By the way, here in LA there's already some wringing of hands in the business
press about how the Santa Monica office may be losing some of its movie-
producer types and their projects now that Semel's out. Not sure it will
happen, but it doesn't sound tragic to me.

------
willarson
Is Yahoo's model worth fixing? The massive portal/service centers (Yahoo,
Microsoft, Google) are trying to do everything. To be everything to everyone.

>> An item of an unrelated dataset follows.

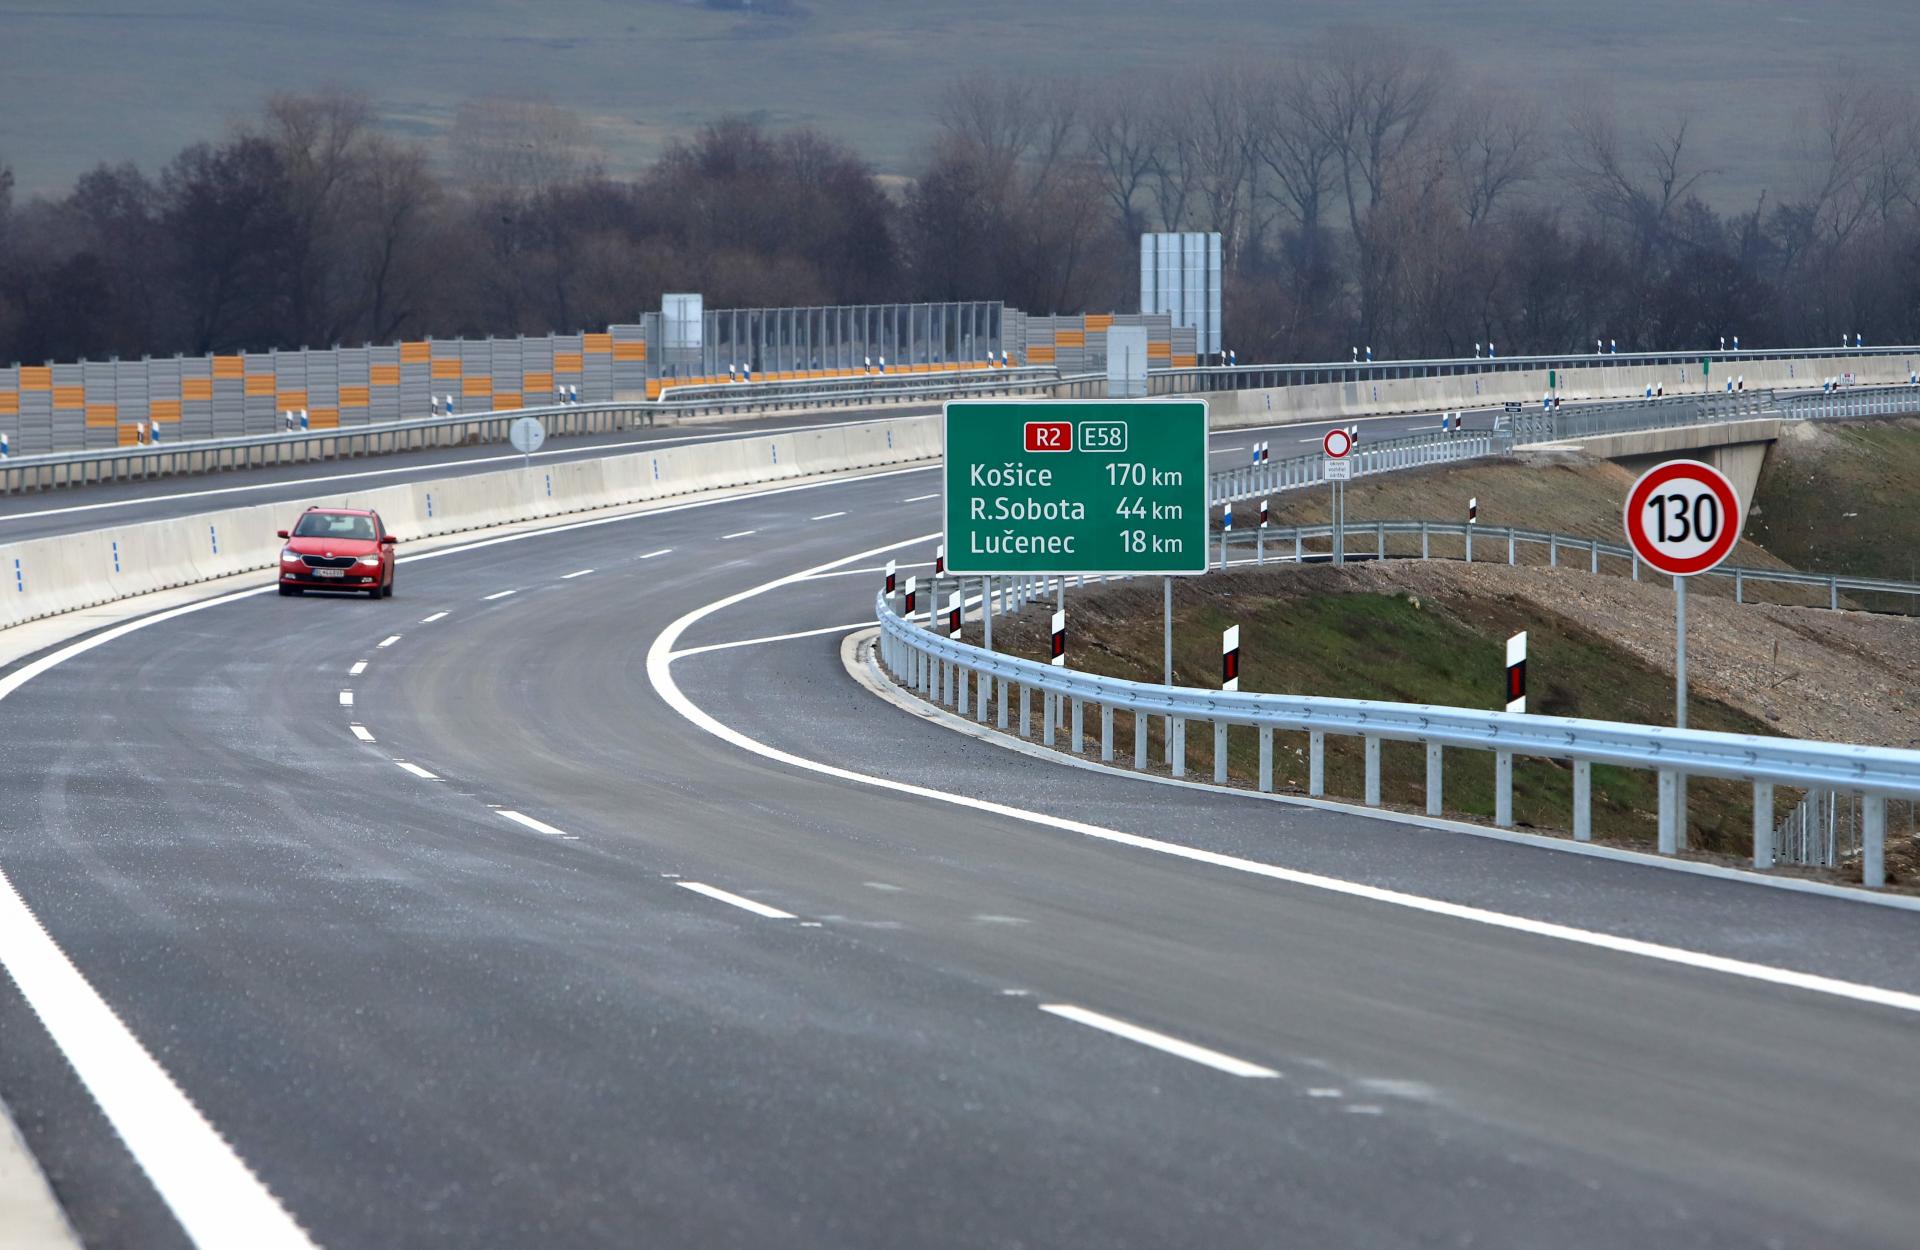 Analitycy ostrzegają, że druga najdroższa autostrada na Słowacji powinna być bezpłatna, inaczej może się zawalić

Isn't this a bad idea? Isn't this an __awful __idea? Small agile companies can
focus on one corner of the larger garden and nibble on it, siphoning off
customers and making a superior product by focusing on having one product that
does one thing well.

My insane plan for Yahoo? Spin off tens of seperate units that each develop
their one specific product. Have the main Yahoo page be a mashup of these
different services, but if a competing product comes along and its better, use
it instead. Keep the ad program and share revenue with new partners to keep
them around.

Having one company try to do everything will eventually fall apart. Yahoo and
MS are further in the cycle, but Google and Facebook are both making the same
mistakes, and I think the result will be the same.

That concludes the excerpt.